Reservoir Sampling - Problem

Reservoir sampling is a classic algorithm used to randomly select k items from a stream of data where the total number of items is unknown or very large. The challenge is maintaining a uniform probability for each item to be selected without knowing how many items will come next.

Your task is to implement a reservoir sampling algorithm that processes a stream of integers and returns exactly k randomly selected items with equal probability for each item in the original stream.

The algorithm should work as follows:

Initialize a reservoir array of size k with the first k items from the stream
For each subsequent item (index i ≥ k), generate a random number between 0 and i (inclusive)
If the random number is less than k, replace the item at that position in the reservoir

Note: For testing purposes, use a simple random number generator based on a seed to ensure reproducible results.

Input & Output

Example 1 — Basic Stream

$ Input: stream = [1,2,3,4,5,6], k = 3

› Output: [1,2,6]

💡 Note: Reservoir sampling selects 3 items from the stream.
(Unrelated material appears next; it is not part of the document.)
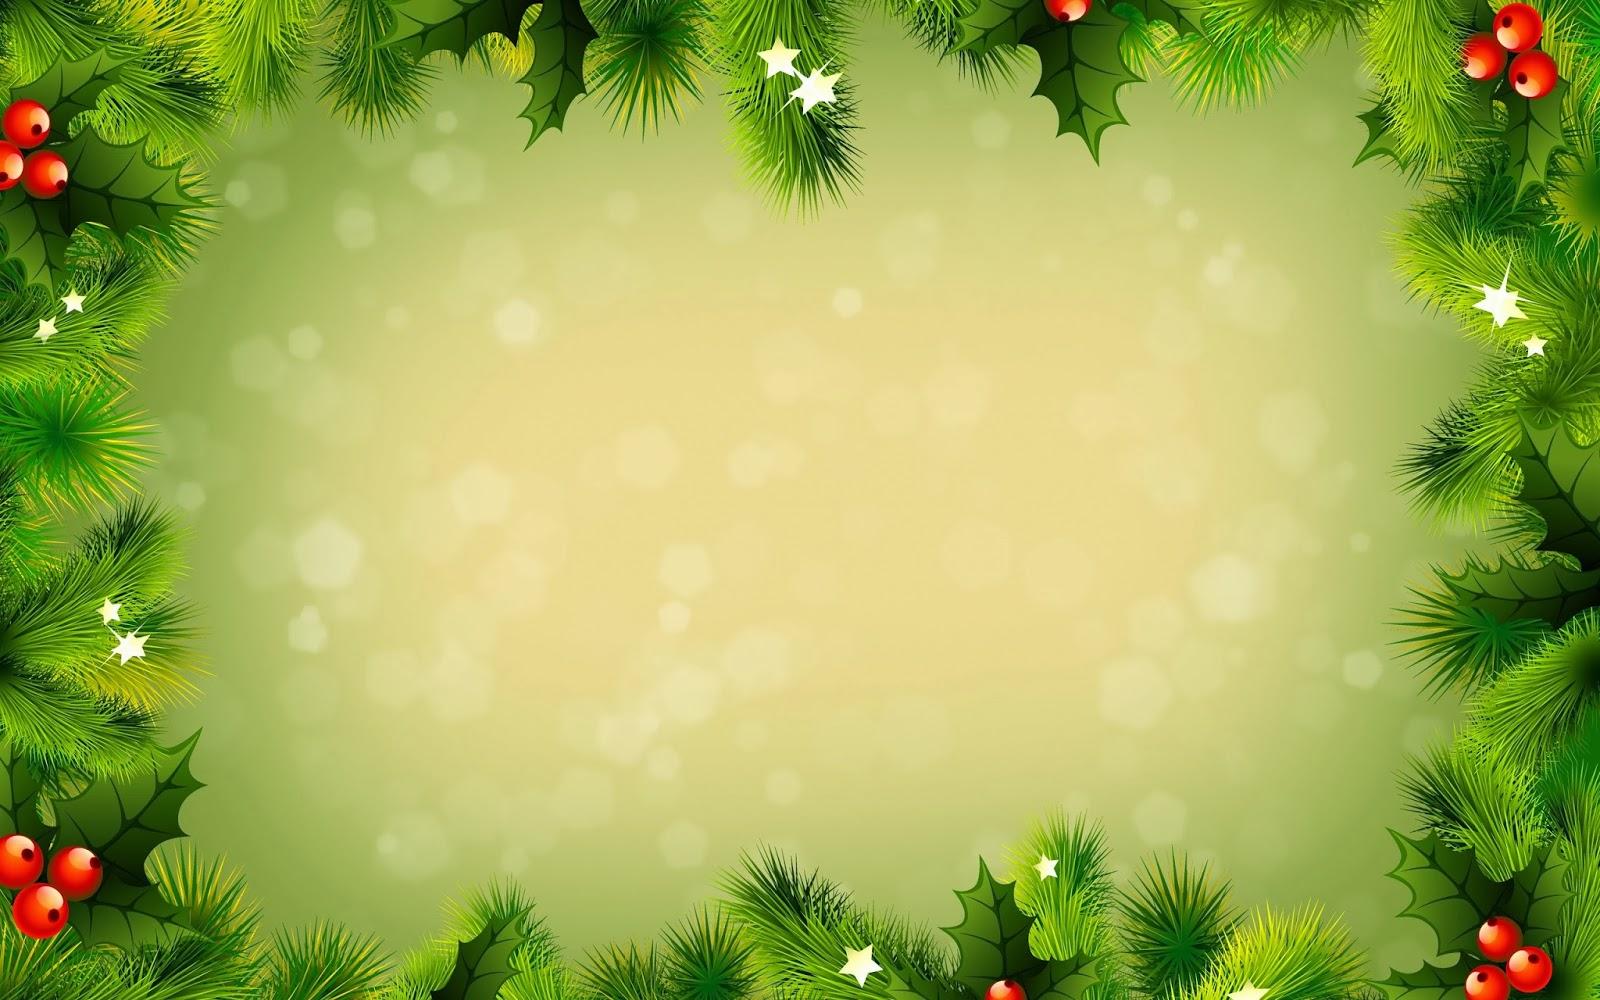 Green Christmas Background HD Wallpaper   HD Wallpapers Blog 1600x1000

Initially fills reservoir with [1,2,3]. When processing item 4 at index 3, generates random number in range [0,3]. If random < 3, replaces reservoir item. After processing all items, returns 3 selected elements.

Example 2 — Small k

$ Input: stream = [10,20,30,40,50], k = 2

› Output: [10,50]

💡 Note: Selects 2 items from 5-element stream. Starts with reservoir [10,20], then processes remaining items [30,40,50]. Each new item has probability k/(current_position+1) of replacing an existing reservoir item.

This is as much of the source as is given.